Big Data analytics are used also in other fields than the ones discussed in this section. For example, in [55], Alani et al. collected 10 papers that describe the experiences of Big Data analytics in different application areas (e.g., in education, healthcare and environmental contexts).

We analyzed the keywords used in the papers referenced in this section and saw some interesting patterns. Aside from the expected keywords related to Big Data and the specific application areas discussed, the most common keyword was machine learning. Machine learning (or some variation of that, including deep learning) was used as a keyword in almost one third of the papers referenced in this section. Another interesting observation was that the word smart was used in a number of contexts, including not only smart cities but also smart contracts, smart manufacturing, smart environments, smart grids, smart transport, smart healthcare, smart communities and smart farming. It seems that the word smart is used to indicate that one has been able to create value through Big Data analysis and that different forms of machine learning are the most important ways of extracting such value from large datasets.

4. Enabling Technologies for Big Data

As discussed previously, handling the large amounts of data that all application areas of Big Data require is a challenge. As a result of this, considerable research has been directed toward high-performance computing and supercomputing techniques for Big Data [56]. In [57], Mirtaheri and Grandinetti discussed the importance of optimized load balancing in high-performance computing for Big Data analytics. The importance of load balancing and optimization for Big Data application was also identified by Kumar and Kumar Jha [58].

One way to improve the performance of applications using Big Data is to use GPUs or other forms of parallel and distributed processing.
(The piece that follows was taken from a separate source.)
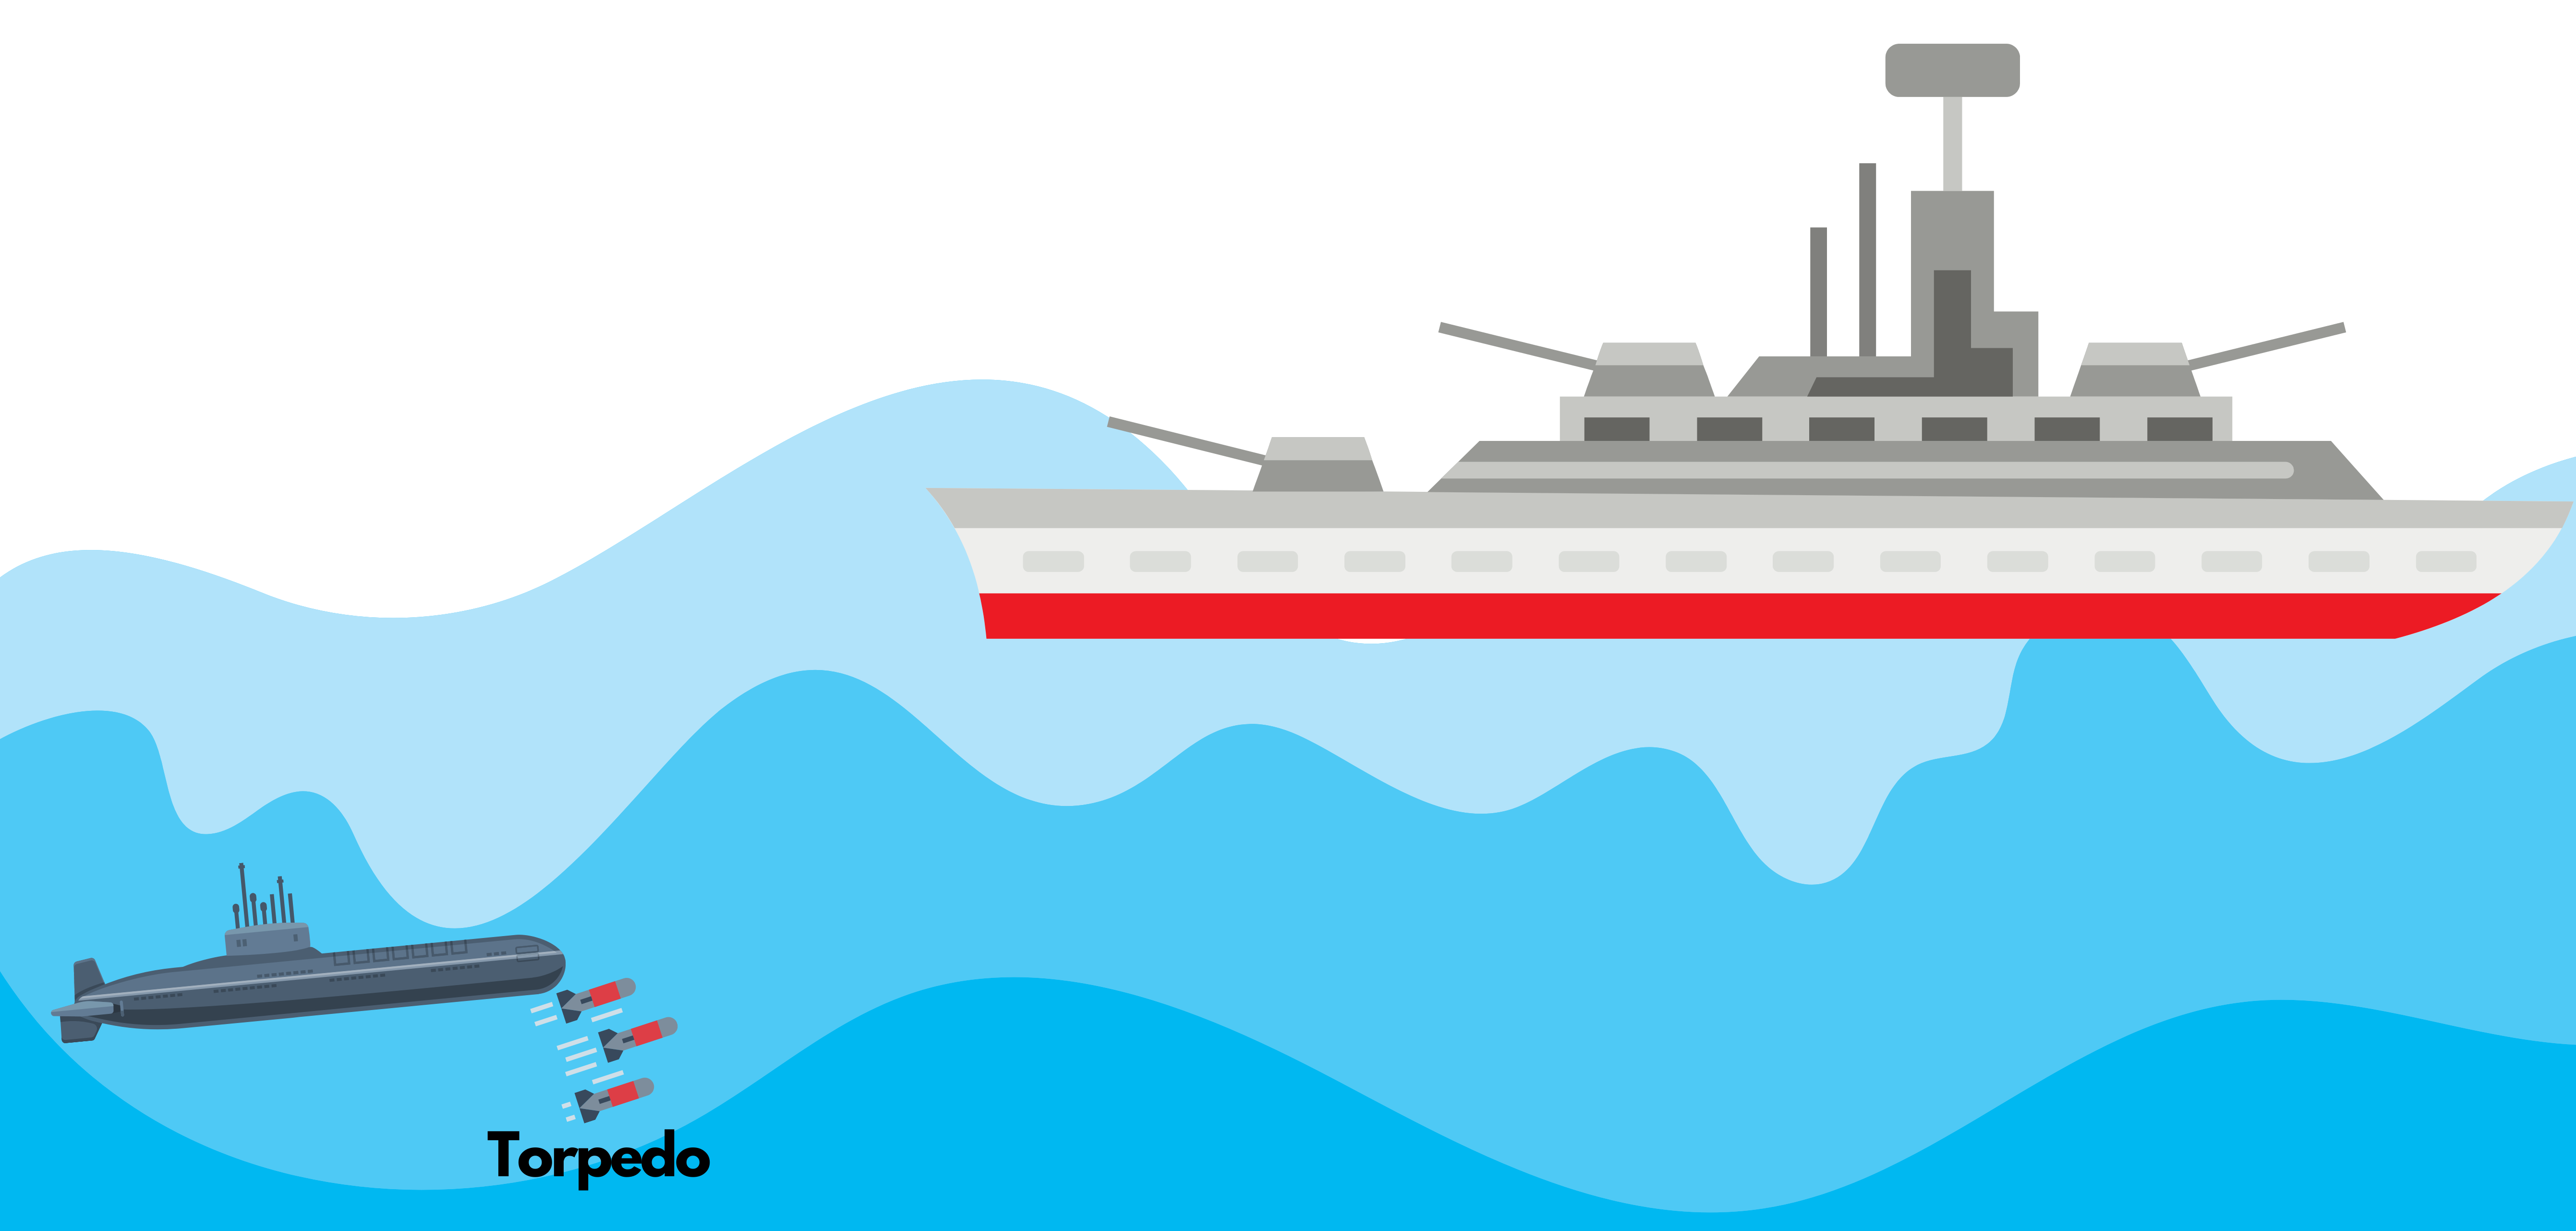 How Torpedoes Work

In [59], Chen et al. presented an architecture that enables Apache Flink (https://flink.apache.org/, accessed on 5 August 2022) to benefit from the massive parallel processing capacity of modern GPUs. In [60], Jurczuk et al. presented another system that uses GPUs for accelerating the performance of Big Data applications. Ahmad et al. suggested a system that improves the parallel processing performance of Big Data applications using Apache Hadoop MapReduce [61]. In [62], Dolev et al. presented a survey of geographically distributed Big Data processing using MapReduce and Apache Spark (https://spark.apache.org/, accessed on 5 August 2022). In [63], Wang et al. proposed an optimization algorithm that improves the computational performance when analyzing Earth system models on multi-core clusters. Such models use massive amounts of data and are used for weather forecasting. In [64], Chen at al. discussed how massive parallel processing can be used for providing high performance in applications that process Big Data for describing brain activities and functions (e.g., EEG data). Finally, Zhang et al. conducted a survey of parallel processing systems for Big Data [65].
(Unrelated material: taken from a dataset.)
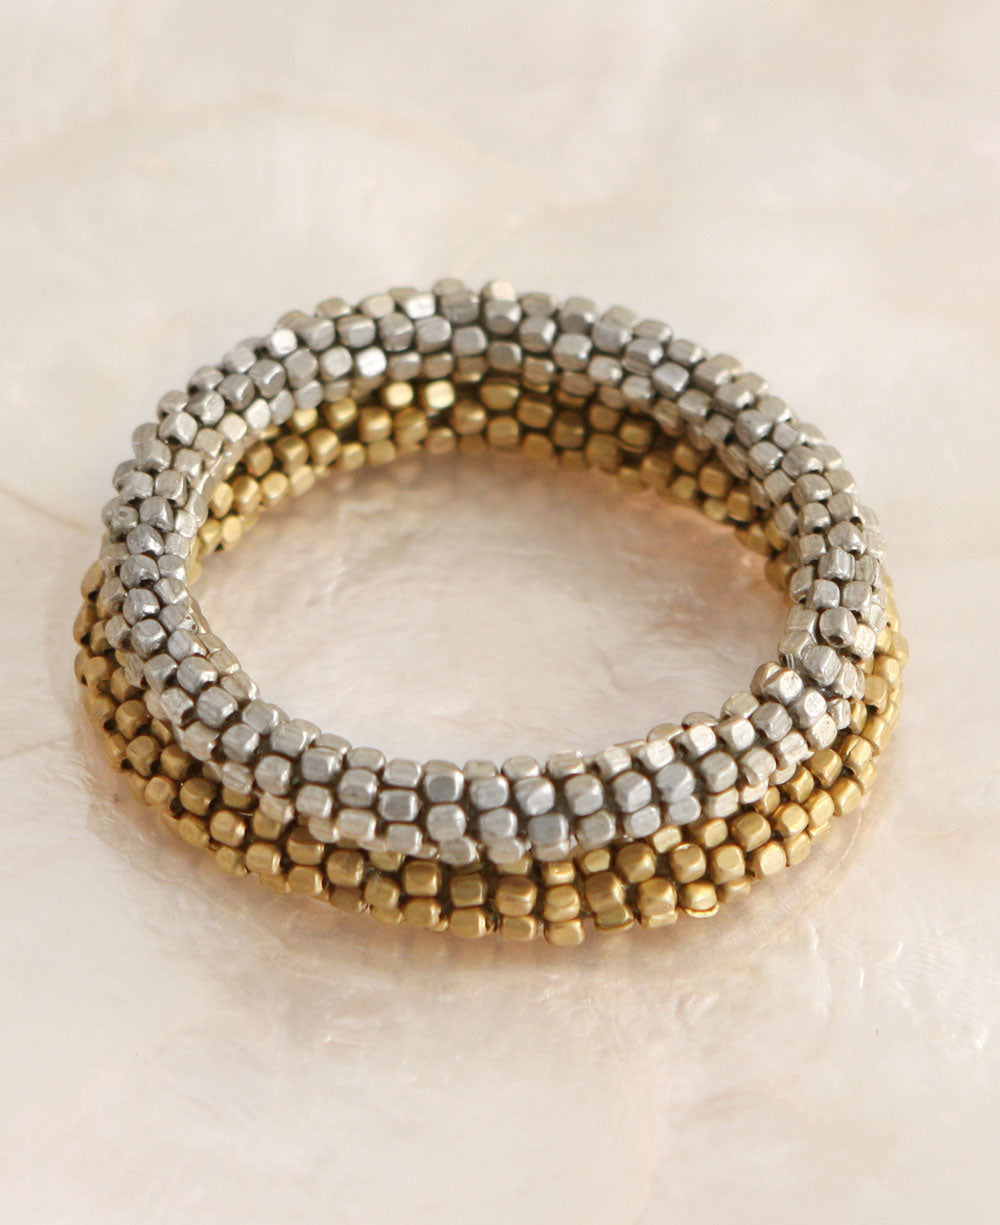 Metallic Bead Naga Bracelet, Nepal

When we discussed the telecommunication domain, we showed that efficient storage systems and database systems for Big Data are very important. In [66], Xu et al. defined a scheme for optimizing performance by placing data with high I/O cost in fast SSD storage. In [67], Lee et al. improved the locality of network and storage I/O operations on many-core systems running Big Data applications using Apache Hadoop MapReduce. In [68], Lu et al. discussed the importance of proper parameter settings in high-performance database systems for Big Data. In [69], Zhang et al. defined a new benchmark and a new set of tools for benchmarking database systems for Big Data applications. In [70], Bauer et al. described the implementation of a data lake, where a company can store their raw data in such a way that it could be governed by one set of policies but processed by multiple teams using different tools.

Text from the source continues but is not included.